Another piece cementing UTC’s growing role in the national rural education landscape will come through the NREA’s annual National Forum to Advance Rural Education (NFARE), which is hosted in Chattanooga this year on November 15th, 16th, and 17th. NFARE is the premier convening of rural education scholars, administrators, advocates, and practitioners, drawing 787 attendees from 48 states last year. With experts and allies from across the rural landscape converging in UTC’s backyard later this year, the opportunity is ripe to showcase the collaborative and innovative spirit with which Pratt and his team at the School of Education are charging forward in the region.
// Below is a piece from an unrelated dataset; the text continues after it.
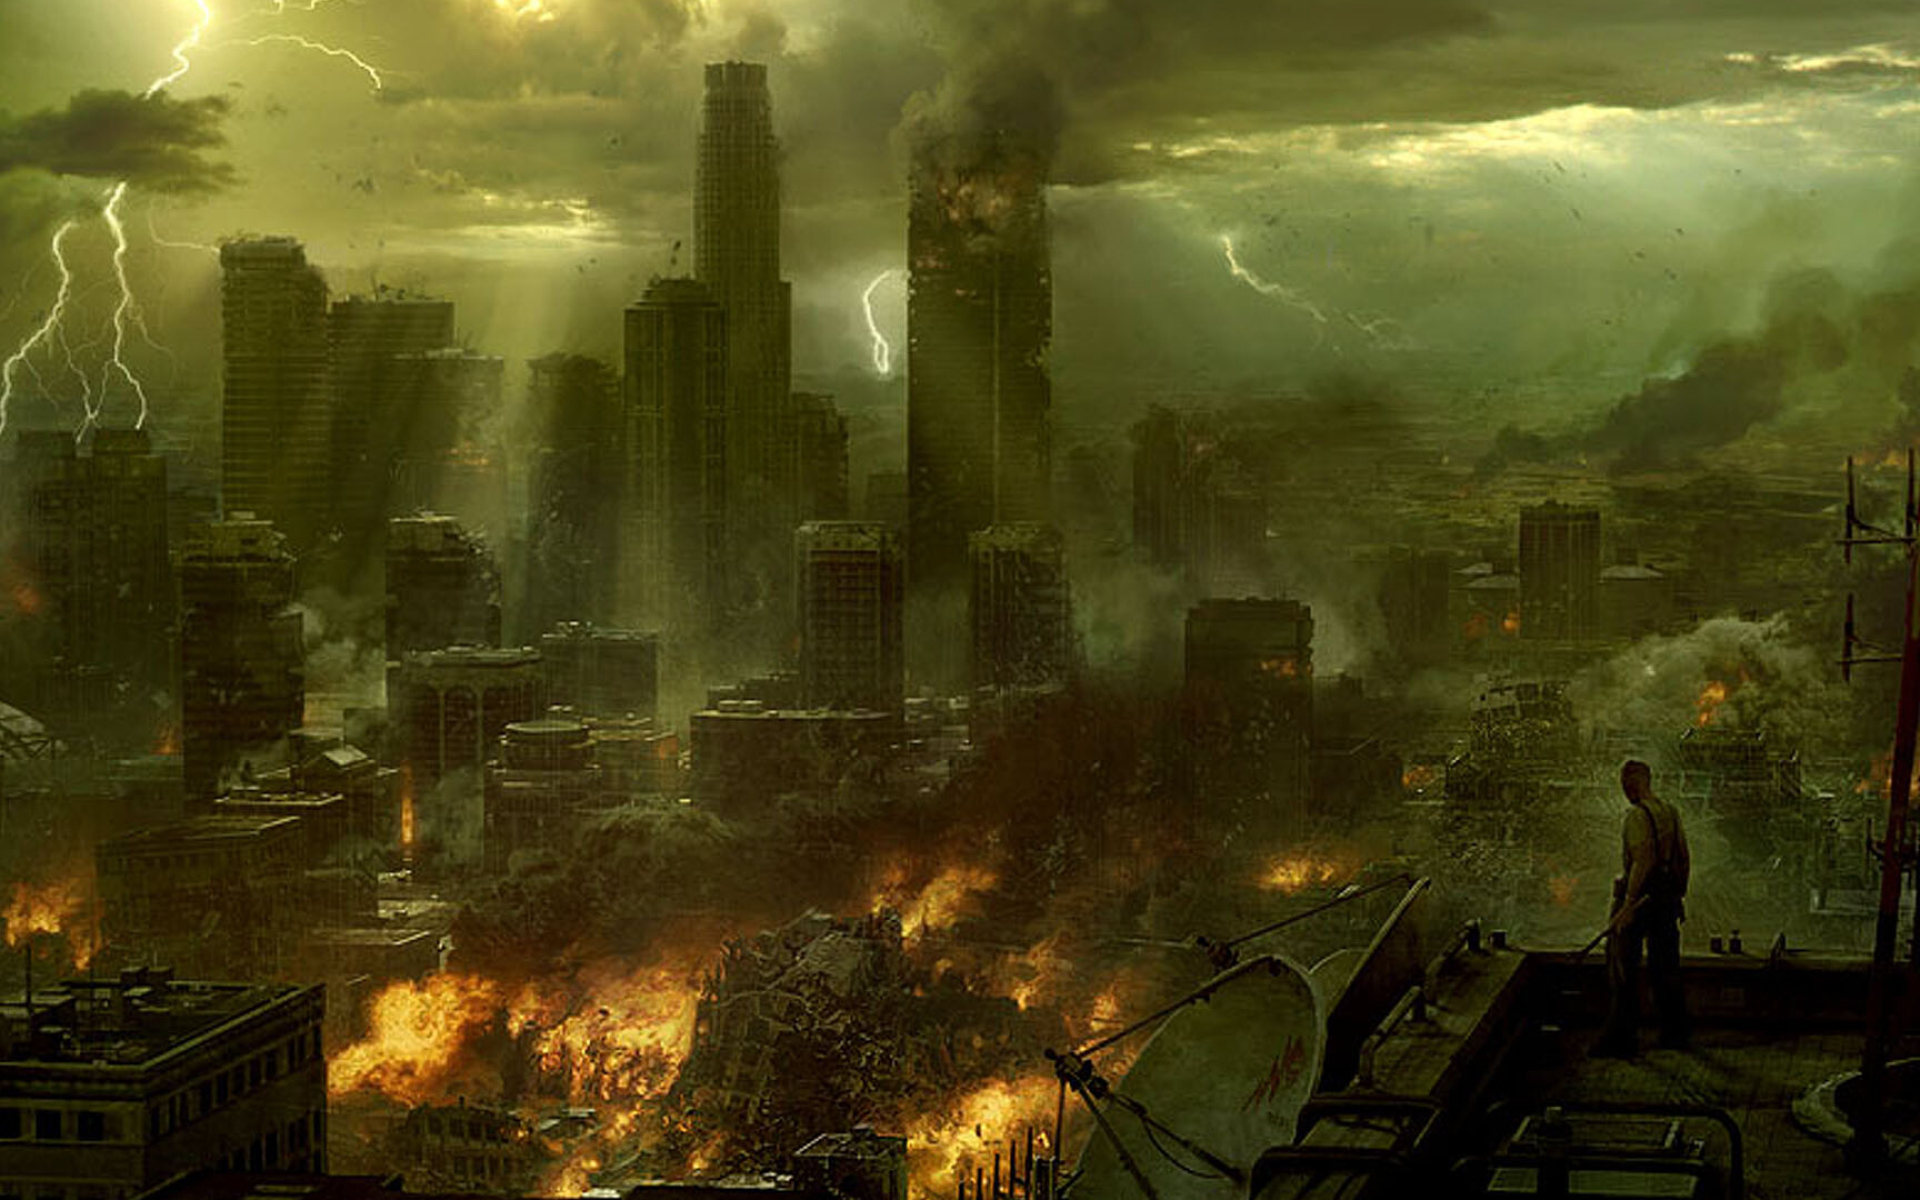 Post-apocalypse: Earth's civilization is collapsing, World-wide disaster. 1920x1200 HD Wallpaper.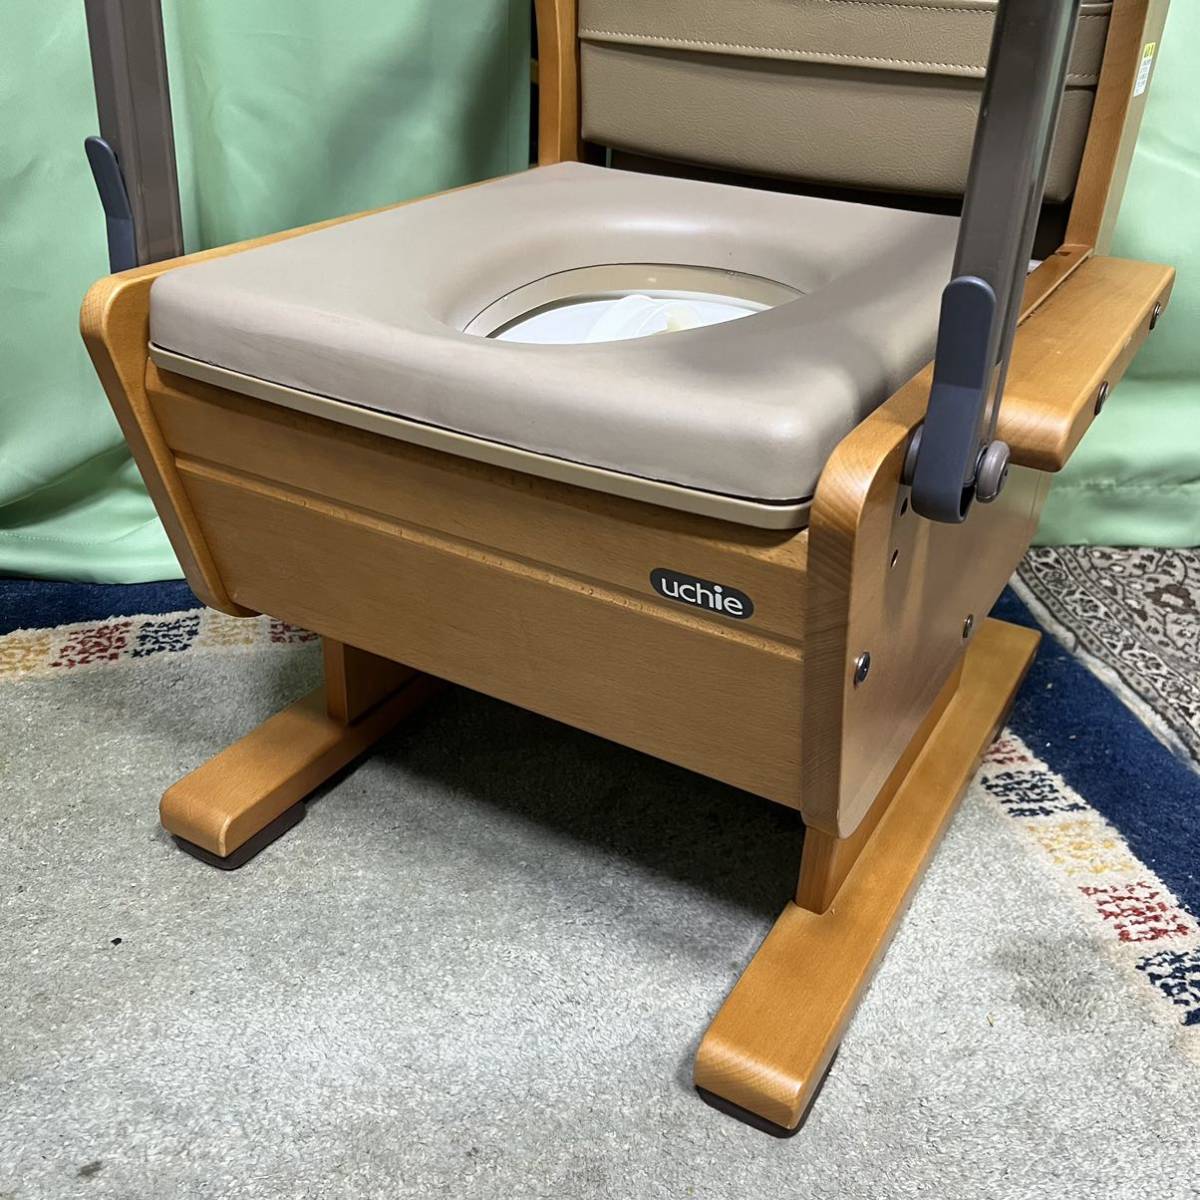 [200004]uchie portable toilet wooden armrest . tip-up type .... chair TP

Through this new partnership, the UTC School of Education will be joining Morehead State University (MSU) in Morehead KY to lead RSC’s larger Appalachian Partnership Region, which encompasses Virginia and North Carolina in addition to Tennessee and Kentucky. This partnership will strengthen ongoing work in the region and serve as a platform to further advance the knowledge and innovations transforming rural education across rural Appalachia. Pratt is looking forward to working more closely with MSU in a more official capacity through RSC’s Regional Hub Network: “We’re not standalone. We’re here for the collaboration to help rural Appalachia. We’re just one part of the whole: there’s MSU in Kentucky, but there’s also Virginia Tech and institutions in the other Appalachian states that we can work with further; and we have already worked with them.” With rural innovation, practical action, and purposeful collaboration at the forefront, Pratt and UTC are eager to join MSU and RSC in our collective effort to support rural teachers and elevate the education profession.